Sandy Cumming CBE, Chief Executive of Highlands and Islands Enterprise (HIE) for the past nine and a half years, plans to leave the organisation next month and take on a new, national role.
Mr Cumming (57), is the Scottish Government’s choice to help spearhead the development of renewable offshore energy across the public sector in Scotland.
The new post will involve working closely with Jim Mather, Minister for Enterprise, Energy and Tourism, and liaising between the Government and relevant public sector bodies – including local authorities, enterprise agencies and the Crown Estate – to ensure effective collaboration on a range of offshore green energy projects.
It is a one-year secondment, lasting until spring 2011. Following this, Mr Cumming plans to pursue other opportunities in the public and voluntary sectors.
The process of recruiting a new Chief Executive for Highlands and Islands Enterprise will begin immediately.
Born in Dingwall, Ross-shire, raised on a farm in Strathconon and schooled at Dingwall Academy, Sandy Cumming has worked for HIE and its predecessor body for almost all of his career to date.
He joined the Highlands and Islands Development Board (HIDB) in 1973, after graduating from Edinburgh University with a BSc Honours degree in Agricultural Economics.

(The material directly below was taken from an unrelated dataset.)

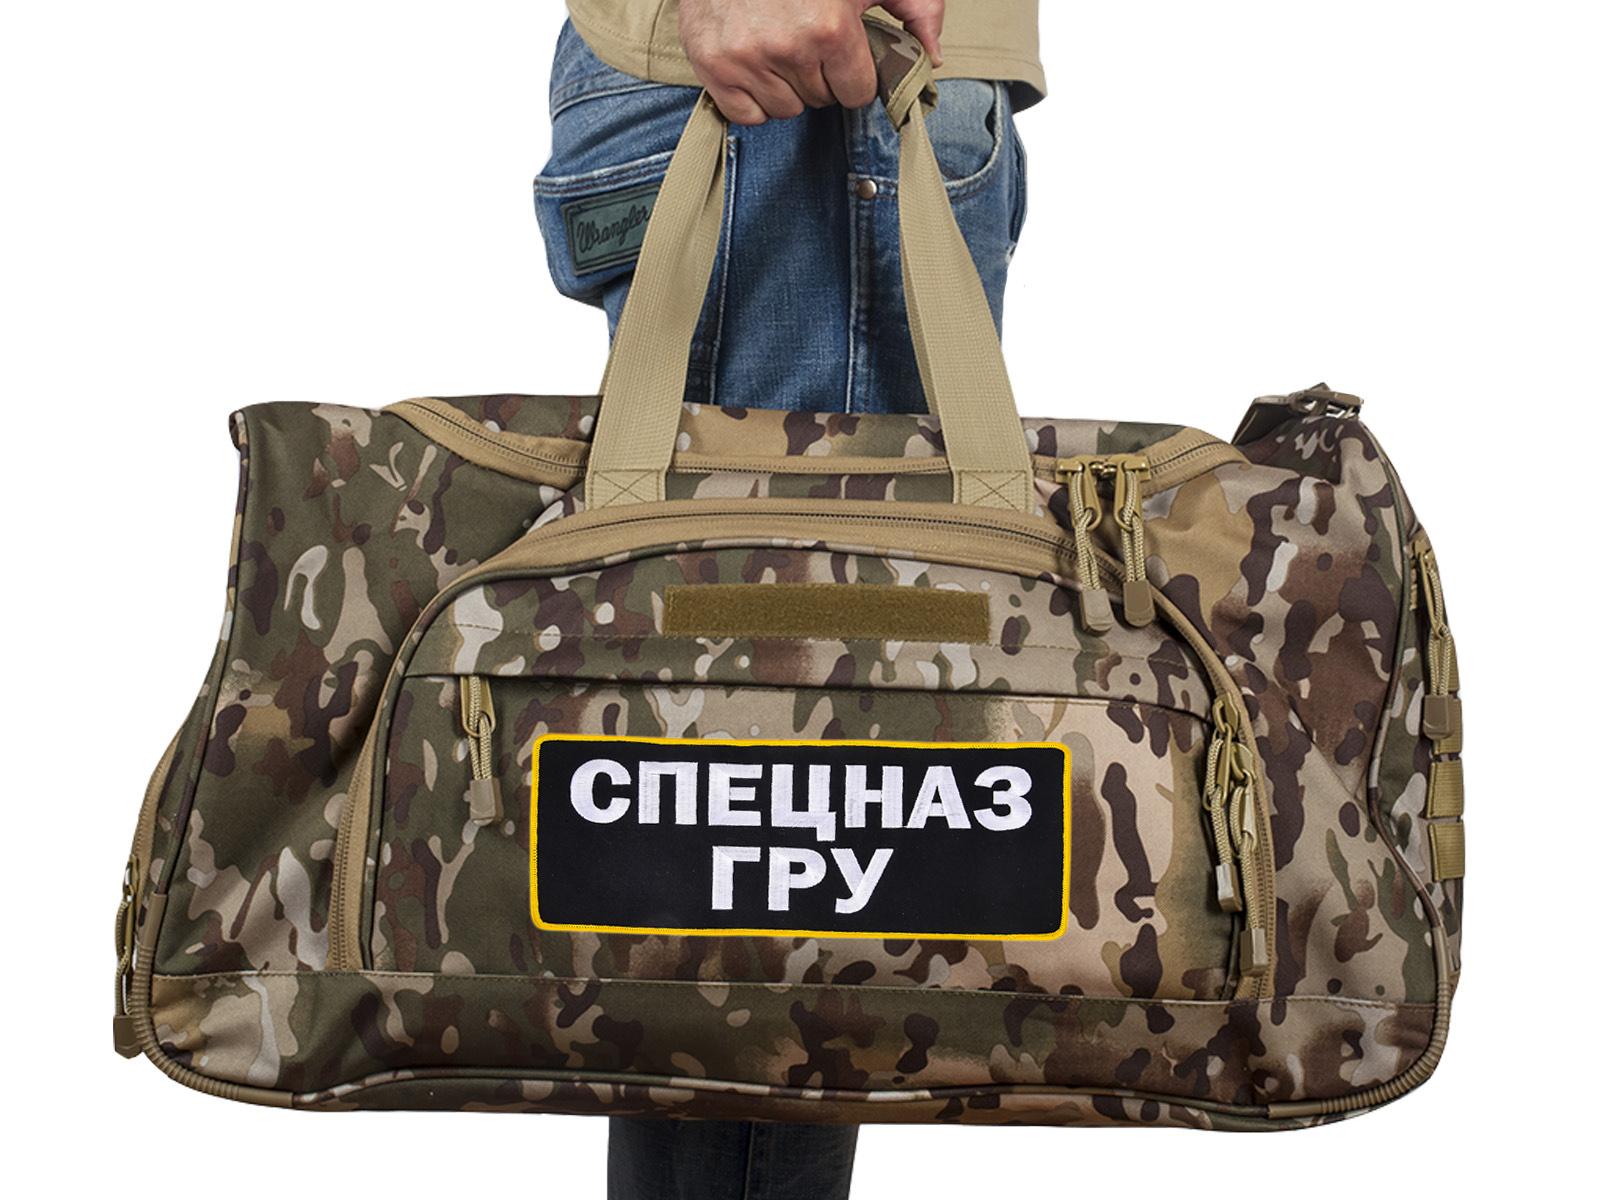 Камуфляжные тактические сумки по цене обычного рюкзака

During his time with HIE and the HIDB, Mr Cumming has held a variety of key posts, including Head of Natural Resources, Director of Growing Businesses, and five years in charge of the local enterprise company serving Ross and Cromarty in the 1990s.
Taking on the new Government role will resolve a potential conflict of interest for the Chief Executive, whose home neighbours Beechwood Farm, Inverness, a 215-acre site which HIE owns and plans to develop over several years as an education and business park.
Mr Cumming himself declared his interest as soon as HIE began exploring the development of the Inverness Campus project in 2008. Because of this, he has played no part in any discussion or decision regarding the project to date.
However, that could not be a permanent solution, because, as HIE’s statutory accountable officer, the Chief Executive is required to take a comprehensive overview of all of HIE’s operations.
Both HIE and the Scottish Government made strenuous attempts to identify a suitable governance solution, before concluding that Mr Cumming could not continue in his present post while the risk of a conflict of interest remained.